• [TASK DIRECTIONS]: Starting with the line below that holds "Golfer about to" and stopping after the line that holds "Read young adult books online for free", transcribe the lines exactly, leaving out all pictures.

• [INPUT FOR THIS TASK]:
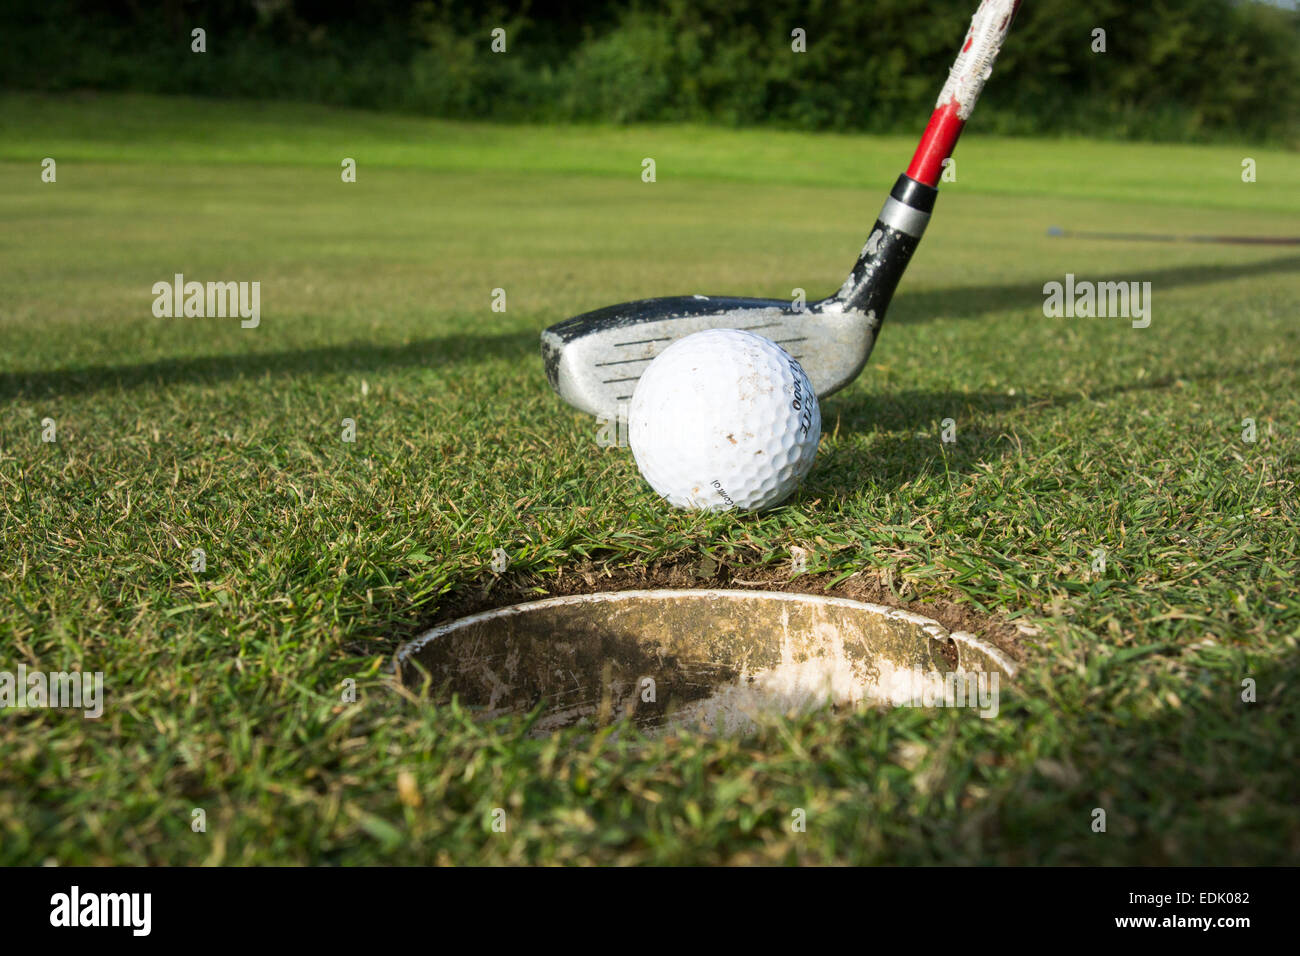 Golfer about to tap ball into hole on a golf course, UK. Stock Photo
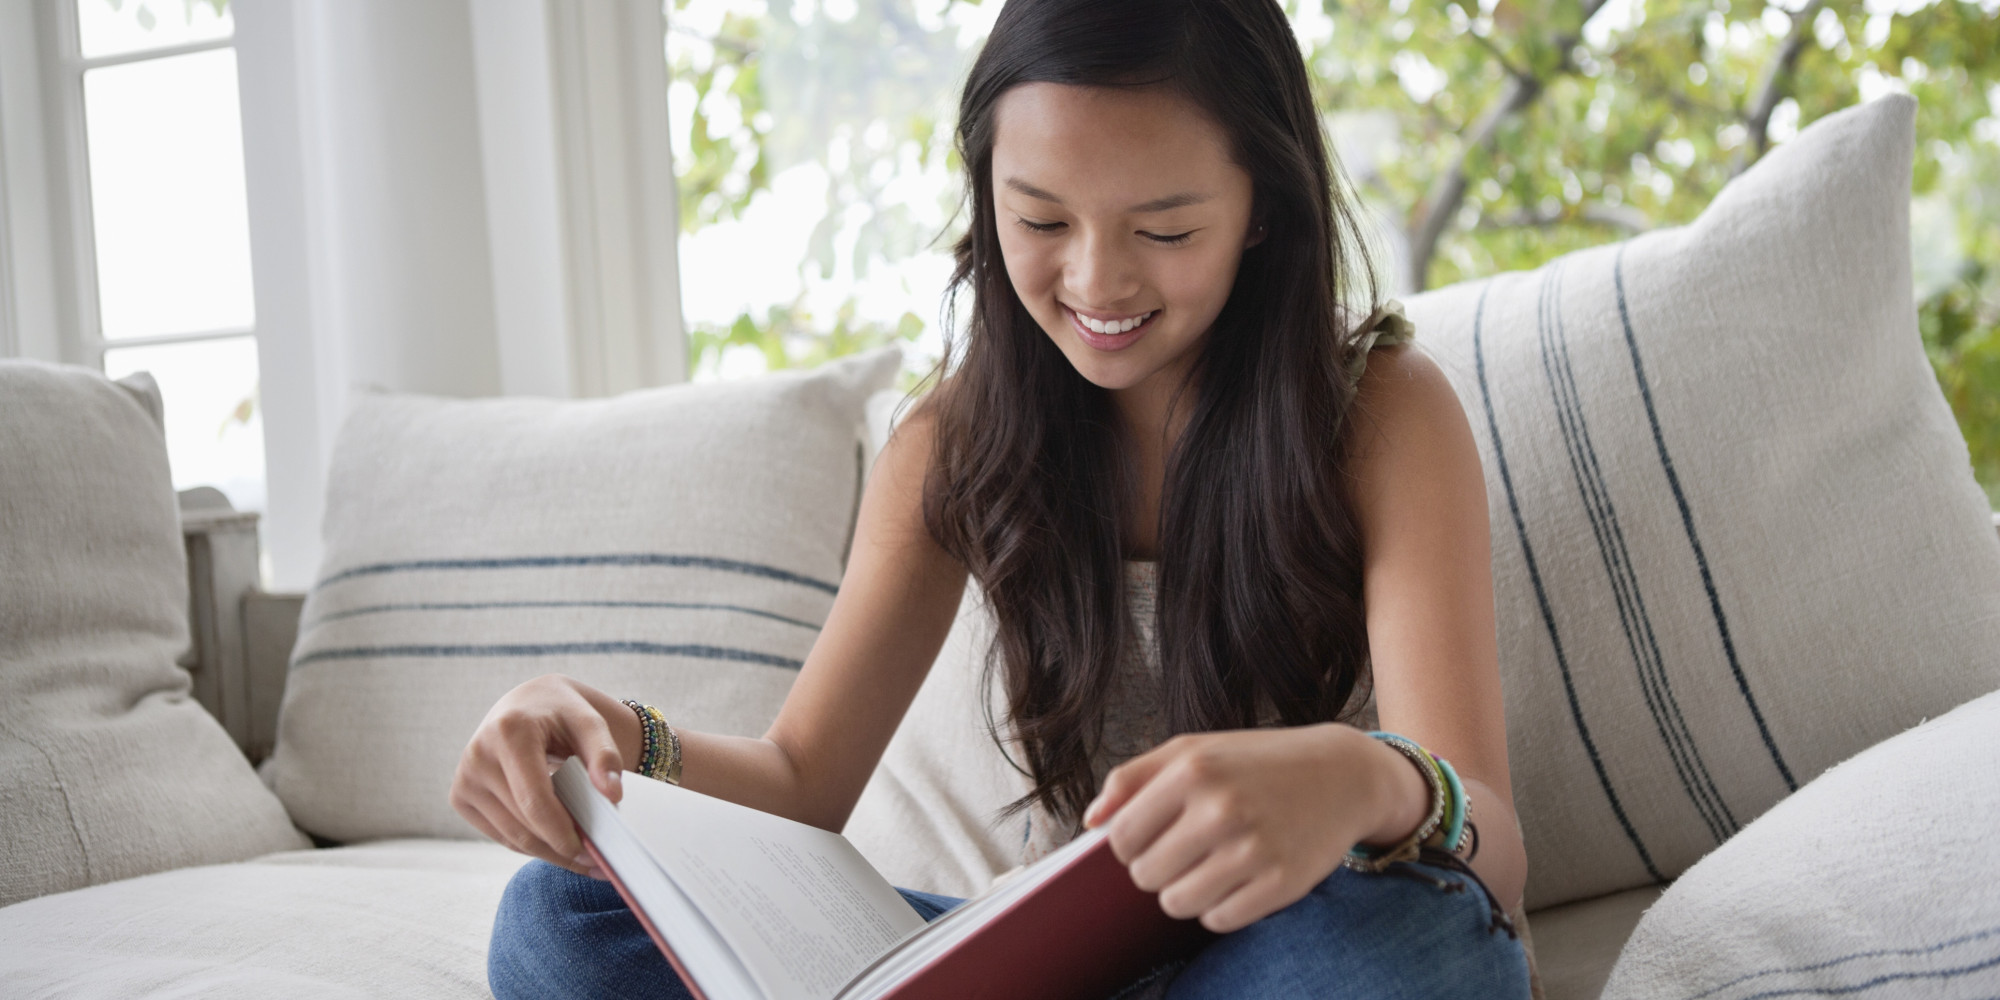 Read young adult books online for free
==
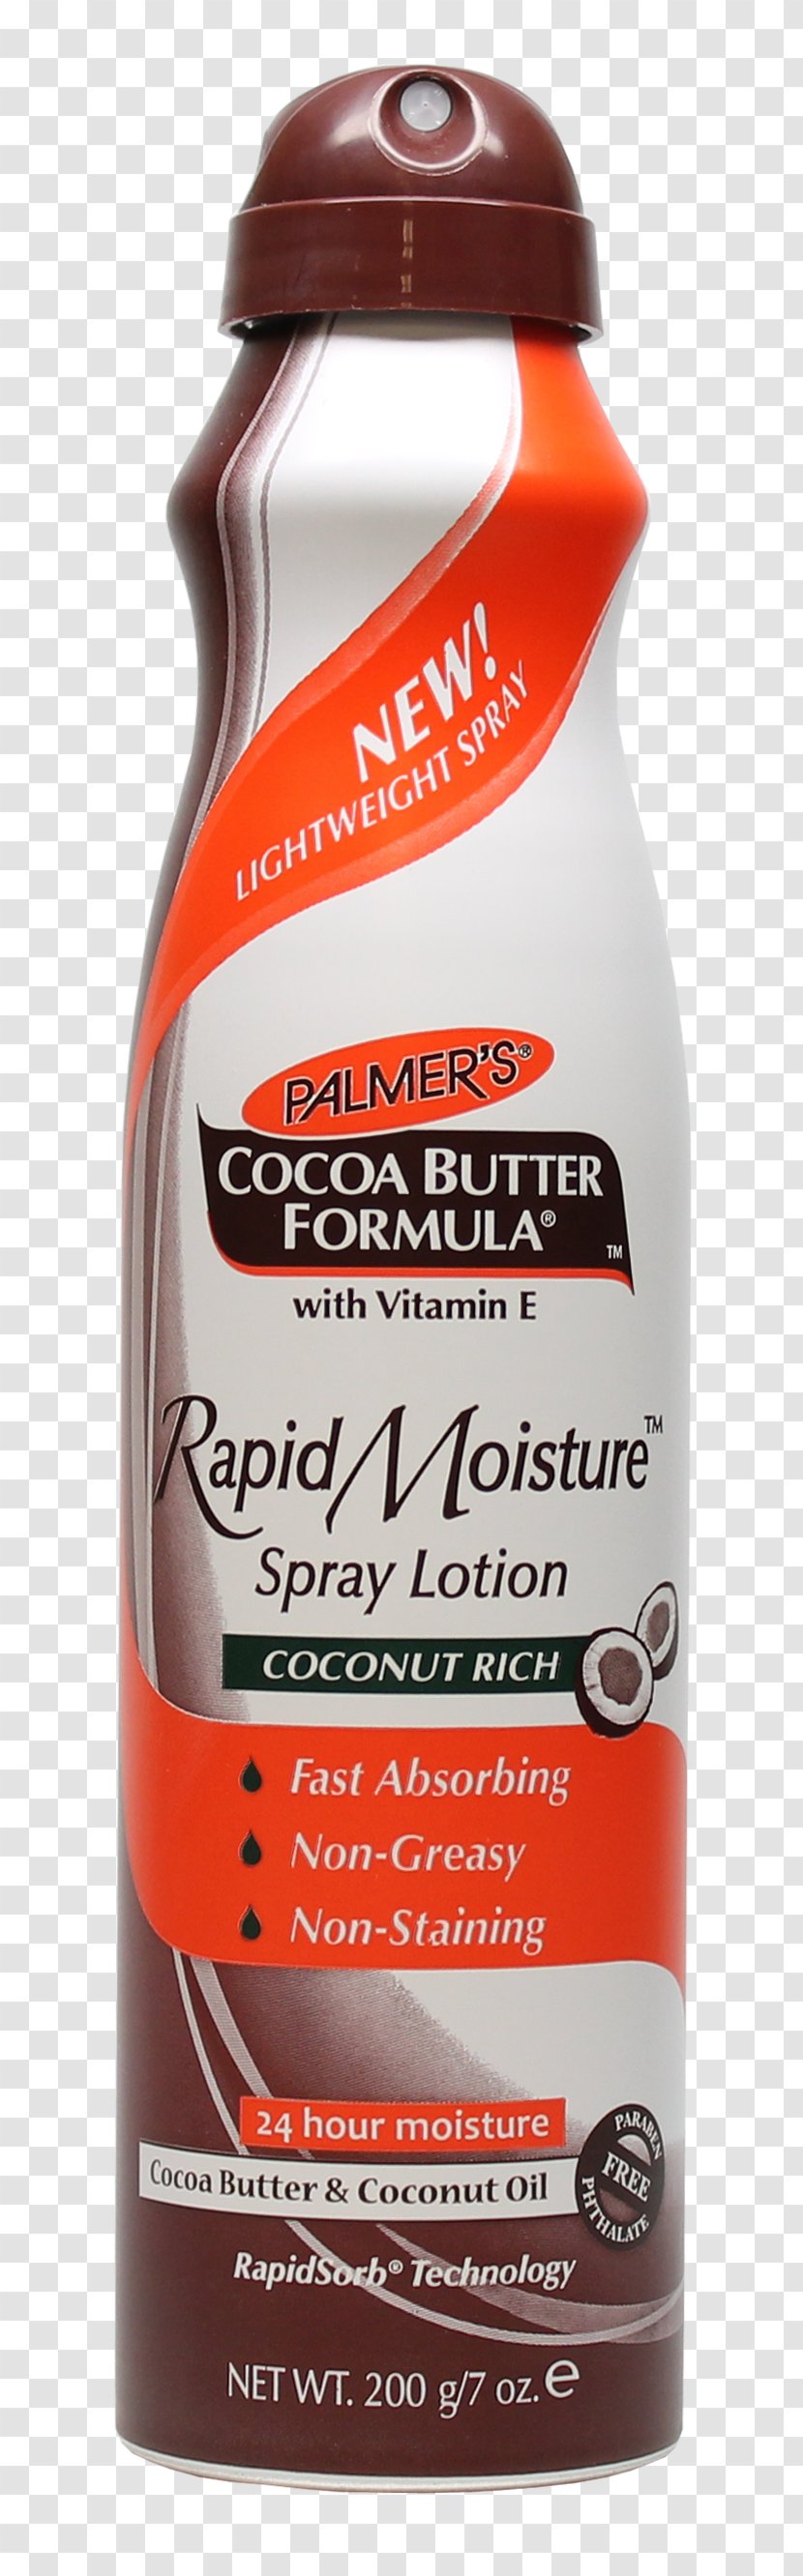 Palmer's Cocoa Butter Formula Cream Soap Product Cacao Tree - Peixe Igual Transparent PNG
...
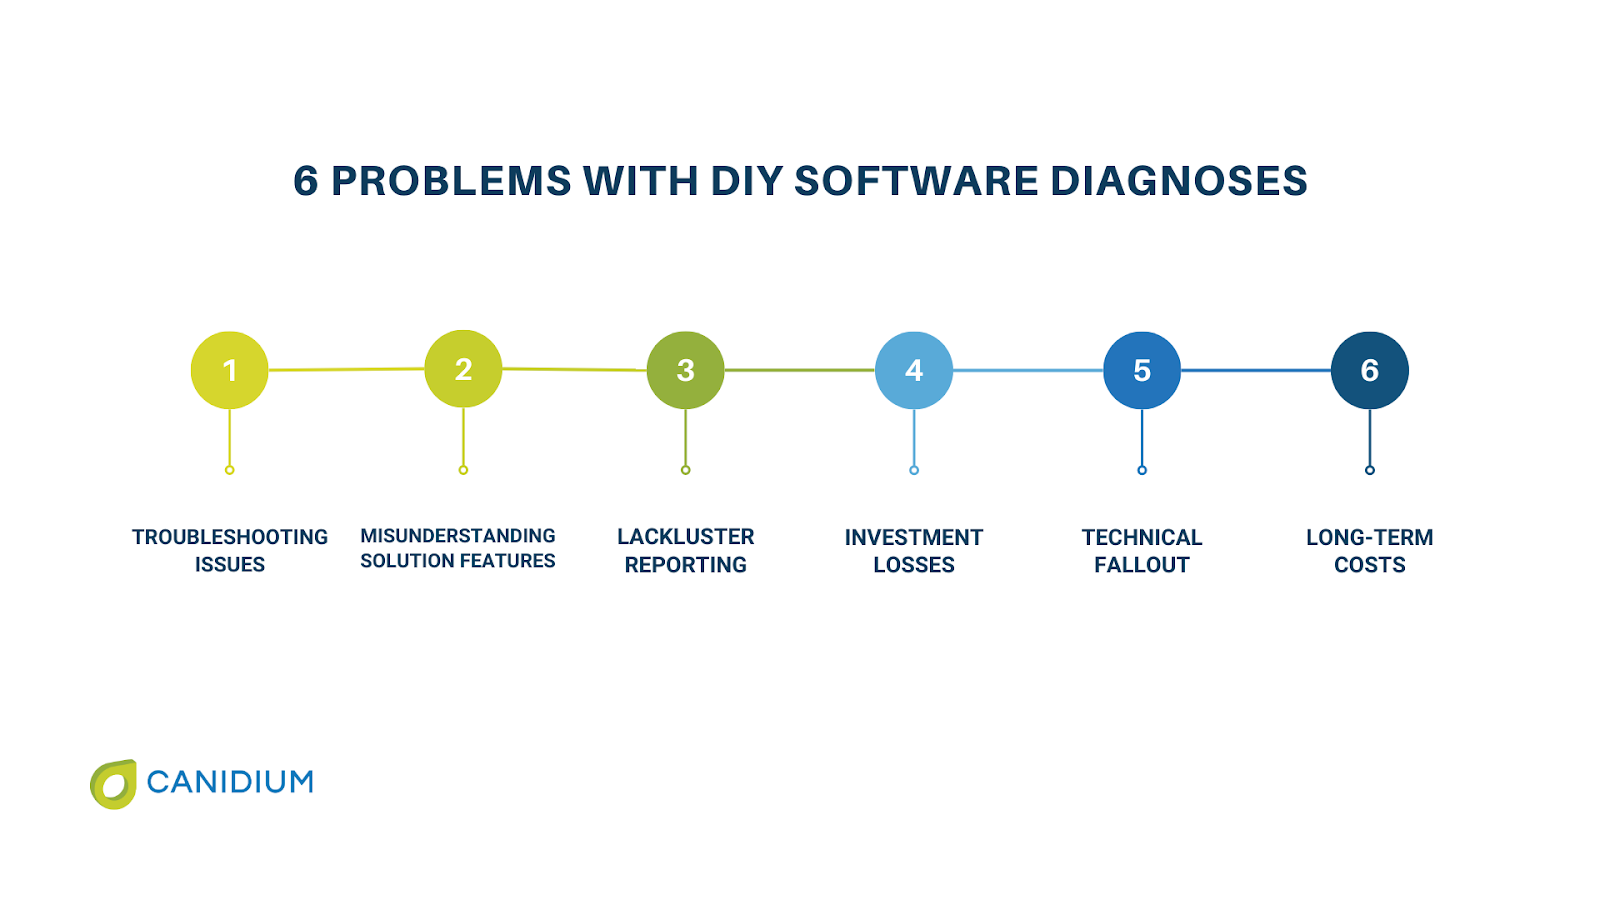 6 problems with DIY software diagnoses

• [RESULT]:
 Golfer about to tap ball into hole on a golf course, UK. Stock Photo
 Read young adult books online for free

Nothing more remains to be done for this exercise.